The dataset that I am using is the Dataset of World Development Indicators published by World Bank. It contains time series data on various economic indicators for over a hundred countries around the world.
Various indicators that are listed in the original dataset can be found here
A list of countries for which data is collected can be found here
This WDI databook can be used to study the variation in different development indicators over time for any country and also across different countries.
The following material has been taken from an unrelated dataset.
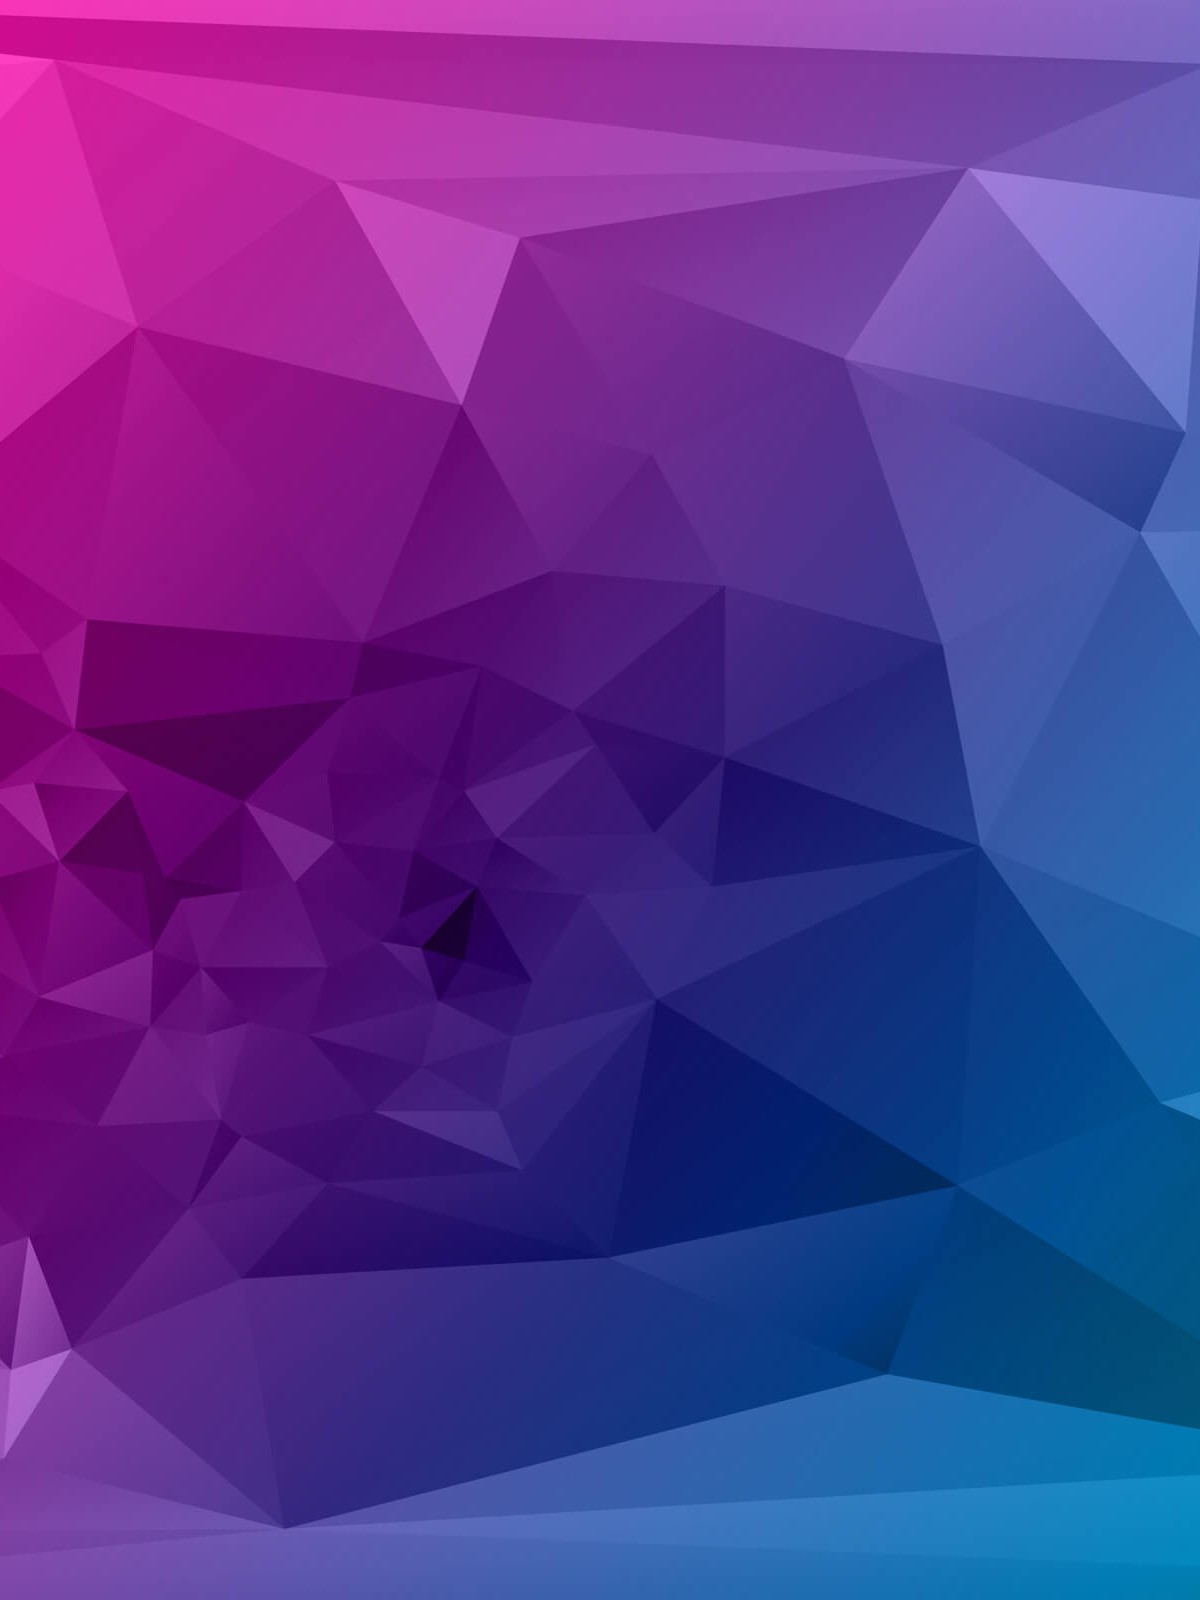 Purple Polygonal Background HD Wallpaper For Kindle Fire HDx

The dataset has multiple tables in it. I am using only the WDI_Data table for my project.
Country Name: The name of the country or region
Country Code: Abbreviated code to identify a country or region
Indicator Name: Name of the measured development indicator
Indicator Code: Abbrevaited code for the indicator
1960 to 2015: A number of columns for years from 1960 to 2016 that has the corresponding indicator value for each row
Since the dataset is huge with over a thousand indicators, I am having trouble hosting it on a proper platform and later importing it to R. Hence, I have selected a few indicators from the datset for the purpose of my project and has hosted only the data corresponding to these indicators on Github.
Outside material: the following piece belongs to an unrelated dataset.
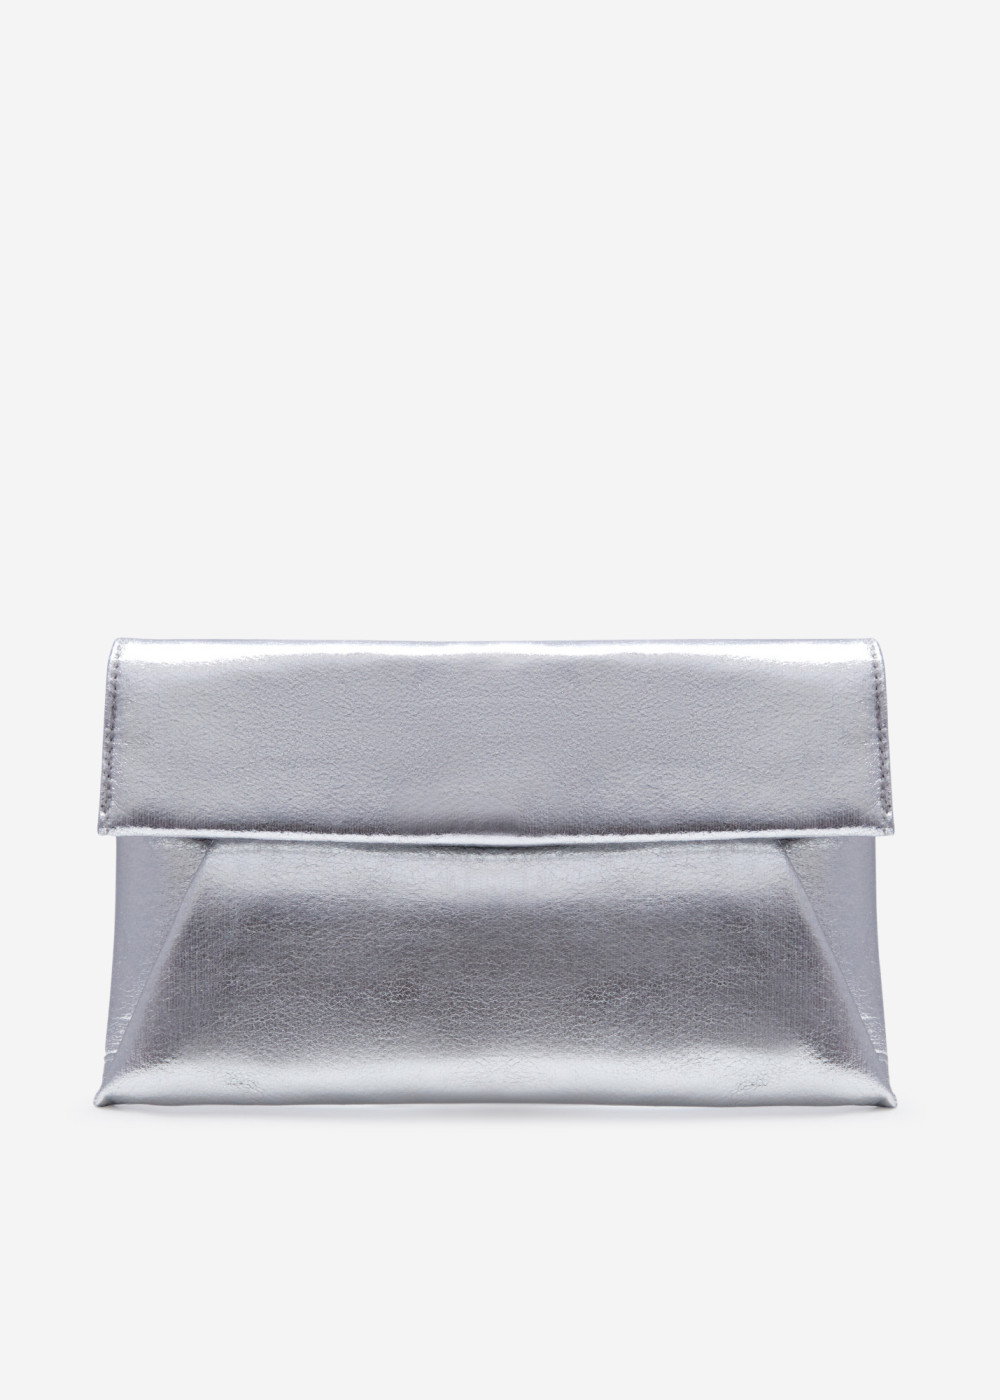 Silver metallic clutch bag 4

wdi_url <- "https://raw.githubusercontent.com/suchith91/wdi/master/WDI_Data_Selected.csv"
wdi_data <-read.csv(wdi_url)
str(wdi_data)
## 'data.frame': 2112 obs. of 60 variables:
## $ Country.Name : Factor w/ 264 levels "Afghanistan",..: 8 8 8 8 8 8 8 8 38 38 ...
## $ Country.Code : Factor w/ 264 levels "ABW","ADO","AFG",..: 6 6 6 6 6 6 6 6 47 47 ...
## $ Indicator.Name: Factor w/ 8 levels "CO2 emissions (metric tons per capita)",..: 1 2 3 4 5 6 7 8 1 2 ...
## $ Indicator.Code: Factor w/ 8 levels "AG.LND.FRST.ZS",..: 2 3 1 5 4 7 8 6 2 3 ...
## $ X1960 : num 0.644 NA NA NA NA NA NA NA 1.4 50.6 ...
## $ X1961 : num 0.685 NA NA NA NA NA NA NA 2.06 55.3 ...
## $ X1962 : num 0.761 NA NA NA NA NA NA NA 2.7 53.3 ...
## $ X1963 : num 0.875 NA NA NA NA NA NA NA 1.35 53.2 ...
## $ X1964 : num 0.999 NA NA NA NA NA NA NA 2.36 53.8 ...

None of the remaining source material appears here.